Despite shape similarities, the yeti and chief play very differently. The yeti has more of a ‘thud’ when it hits the bottom of the string, and it plays slower and heavier. The chief feels precise, like it was built to land on whatever string you’re aiming for. The yeti can be pushed to be fast and it can be very precise, you just have to push it a bit harder. On the string, there’s noticeable vibe on the yeti, and none on the chief. On the finger, the Chief sits peacefully as if it’s not moving, and the yeti rattles your skin like holding an electric razor. That said, the yeti grinds surprisingly good - I could get a couple seconds of finger grinds out of it.
Yeti vs. Protostar
For a long time, the protostar was the best option for a bi-plastic yoyo. It’s quick, smooth, and good enough to win World titles on (well, Northstar, but close enough).
A note: In my life I’ve owned 2 protostars and a northstar. The one I’m using for this test is by far the best of the 3. There appears to be some variance. It’s first-gen, before the black arrow indicators were added in, and yet it vibes the least and plays the smoothest. I only own 1 yeti and so I couldn’t tell you if I have a ‘good’ yeti or a ‘bad’ one.
All of that said, I couldn’t tell you which of the two I prefer. The protostar definitely wins on ‘smoothness’ - It has a certain feel on the string comparable to an Oxy 5. On the other hand, the yeti wins on precision. The protostar plays significantly faster than the yeti, and has a lot more float to it. In terms of vibe on the string, the protostar wins - Neither of them have significant vibe, but with the yeti I can actually see the string vibrating slightly. It’s reminiscent of oldschool CLYW, and in my opinion it adds character. It doesn’t interfere with tricks at all.
Doing tricks that involve backspin like Supaflow, they both perform remarkably, but the yeti edges it out juuuust a little. The yeti also binds a little tighter. The yeti is solid as a rock - even when I slow it down to a really slow spin with my finger, it stays stable, doesn’t tilt easily, and still binds tightly. The protostar handles low-RPM quite well also, but is slightly more prone to going off-axis, and doesn’t bind quite as tight. Finally, grinding is actually possible on the yeti, and not on the protostar.
These two really comes down to personal taste. I suspect that Hiroyuki Suzuki would prefer the protostar, and Guy Wright would prefer the yeti.
Yeti vs. Rally
CLYW and OneDrop have both said very complimentary things about the other’s new plastic throw. Myself, I was dying to see who did a better job and if an all-plastic could compete with a metal-weighted plastic.
The comparison is very interesting, and hard to describe.
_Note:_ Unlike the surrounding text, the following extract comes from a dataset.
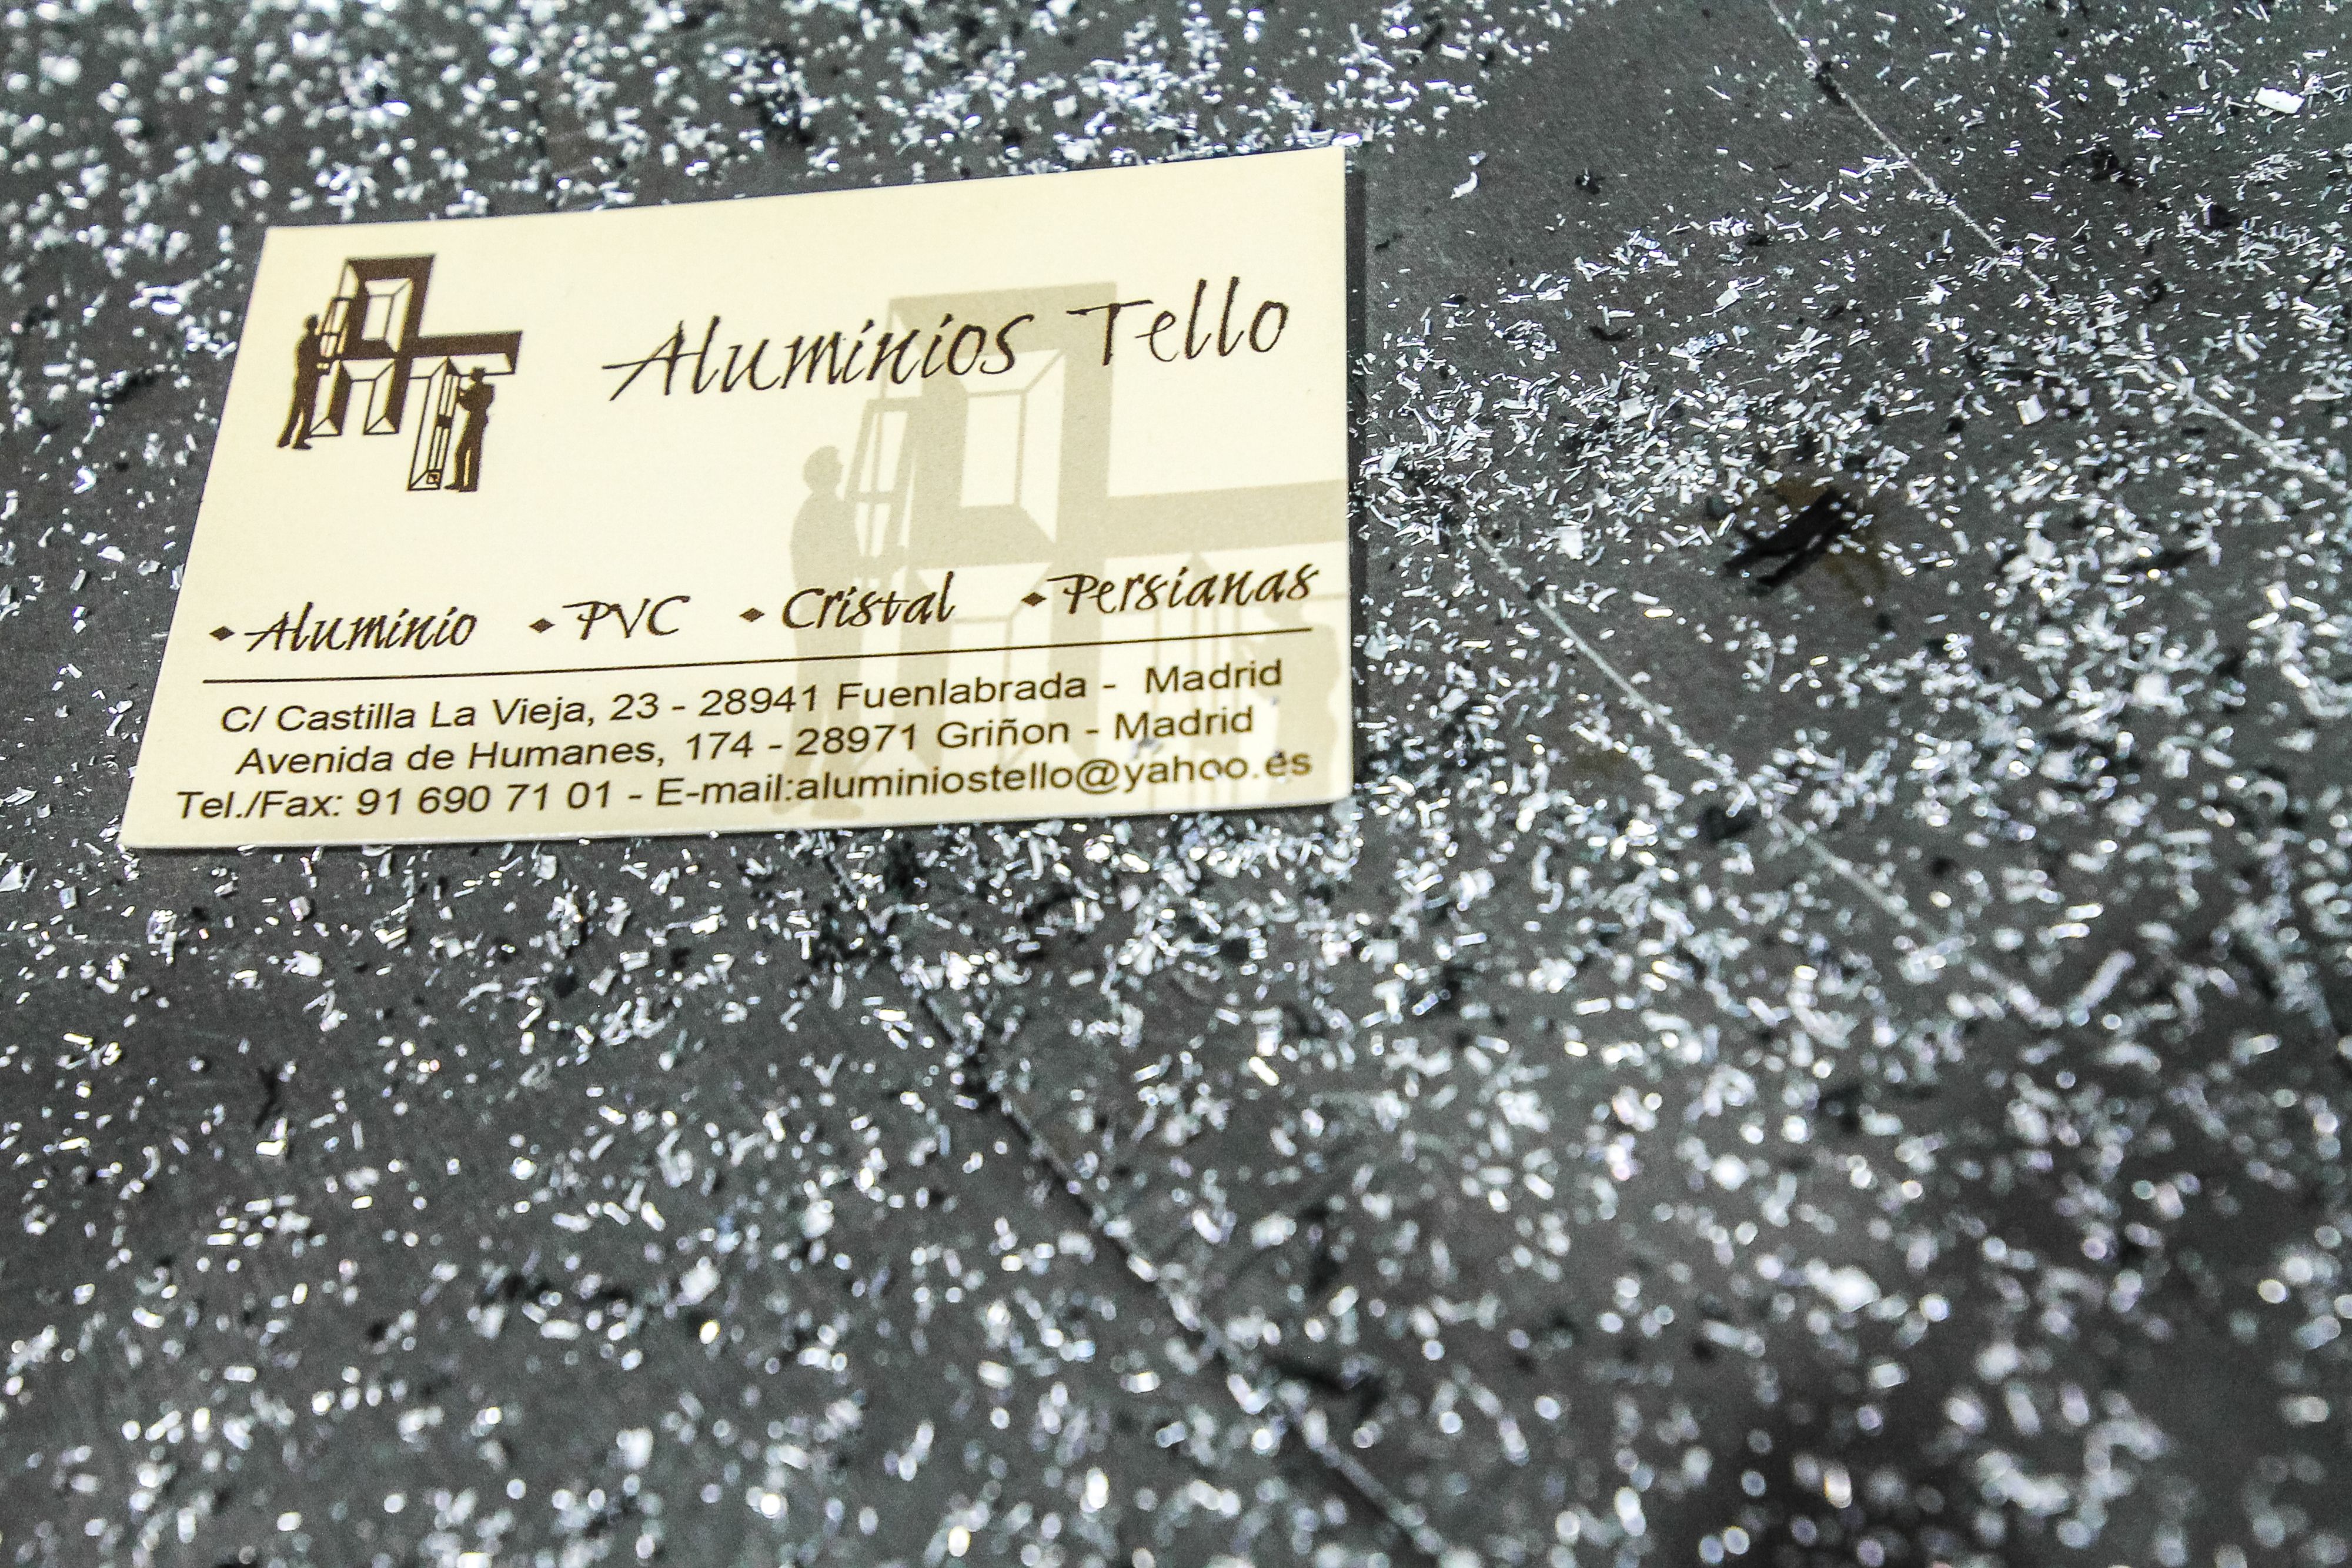 Foto 6 de Aluminio en Fuenlabrada | Aluminios Tello
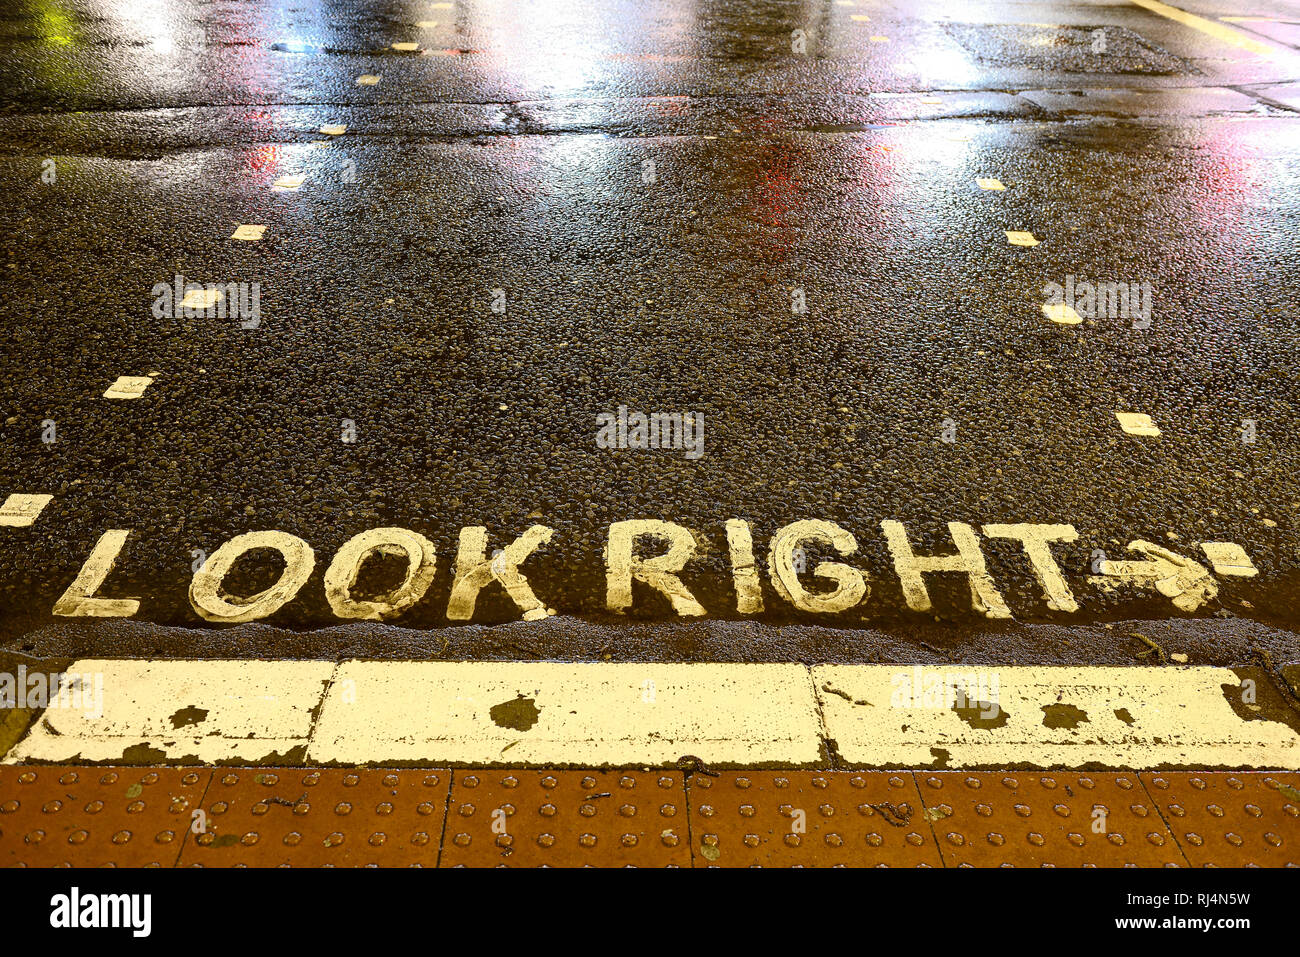 Straßenmarkierung auf einer regennassen Strasse, look right Stock Photo

They both play at a medium pace; unlike the protostar, neither of them are speed-freaks. I didn’t notice much difference in spin times. Vibe is comparable, with the rally having maybe a less noticeable vibe. The rally’s machined finish grinds better by a considerable margin and has way less finger-vibe. The rally is noticeably worse with backspin - Supaflow would bind on me if I wasn’t very careful, whereas with the yeti I could be sloppy and it would still work fine. Both the yeti and the rally work very well at low-RPM, with the yeti providing a very slightly cleaner bind.
On paper they sound so similar, but on the string they feel so different. I can’t put it into words. If I HAD to pick one right now, it would be the Yeti; however, the yeti is brand new and there’s a bit of a honeymoon effect going on. Ask me in a month, and I’d probably choose the Rally.
If you’re feeling sad about not having gotten a yeti, don’t. It’s a fun yoyo, but it’s not the best thing ever made. The spacer system is a nightmare, and while it’s definitely not similar to anything else I’ve played, it’s not radically better than anything in the price range.
That said, it IS remarkable that an all-plastic yoyo can compete with metal-weighted ones. For me, it’d be a great 3A or 5A yoyo, since it has the performance I need without the cost of a metal. The same could be said for the rally or protostar though.
In a month from now, I can’t imagine the yeti will remain as one of my top 3 go-to throws - There are too many amazing aluminum/titanium yoyos to choose from, and great as it is, the Yeti can’t compete in that range. I believe the target demographic is CLYW collectors, and those who can’t afford to drop $150 on a metal CLYW. If you’re not in that category, don’t set your expectations too high - it’s a great yoyo, but it’s not unbelievably amazing.
One Week Later
So, it’s been a week since I posted this review, and I’d just like to say that after some more hours spent with these throws, I feel like the Rally is a better buy! Its definitely a preference thing - contrary to some of my initial thoughts, the Rally is faster, smaller, has more ‘zip’, looks better when doing black hops and other bouncy tricks, and in general just feels razor sharp. The Yeti feels heavier, slower, stable as heck, amazing at backspin and very unique - There are a few metals that my Rally feels like (though none SO similar that I could say it plays like ____), but nothing quite like my Yeti. Also it’s anecdotal and could be my imagination, but I think the rally spins longer.
Neither of these throws are my go-to throw - that honor is currently reserved for my Oxygene Hyperion - but I take one or the other when I go out as a pocket throw and have gotten a good number of hours in on both. The fact that it’s such a close call makes the Yeti interesting indeed, being all-plastic.
Bottom line as I see it: They’re definitely both worth $45, but if I had to choose one, it’d be the Rally. If you’re a really slow/relaxed player who likes bigger/heavier throws go Yeti. Else, the Rally is your friend.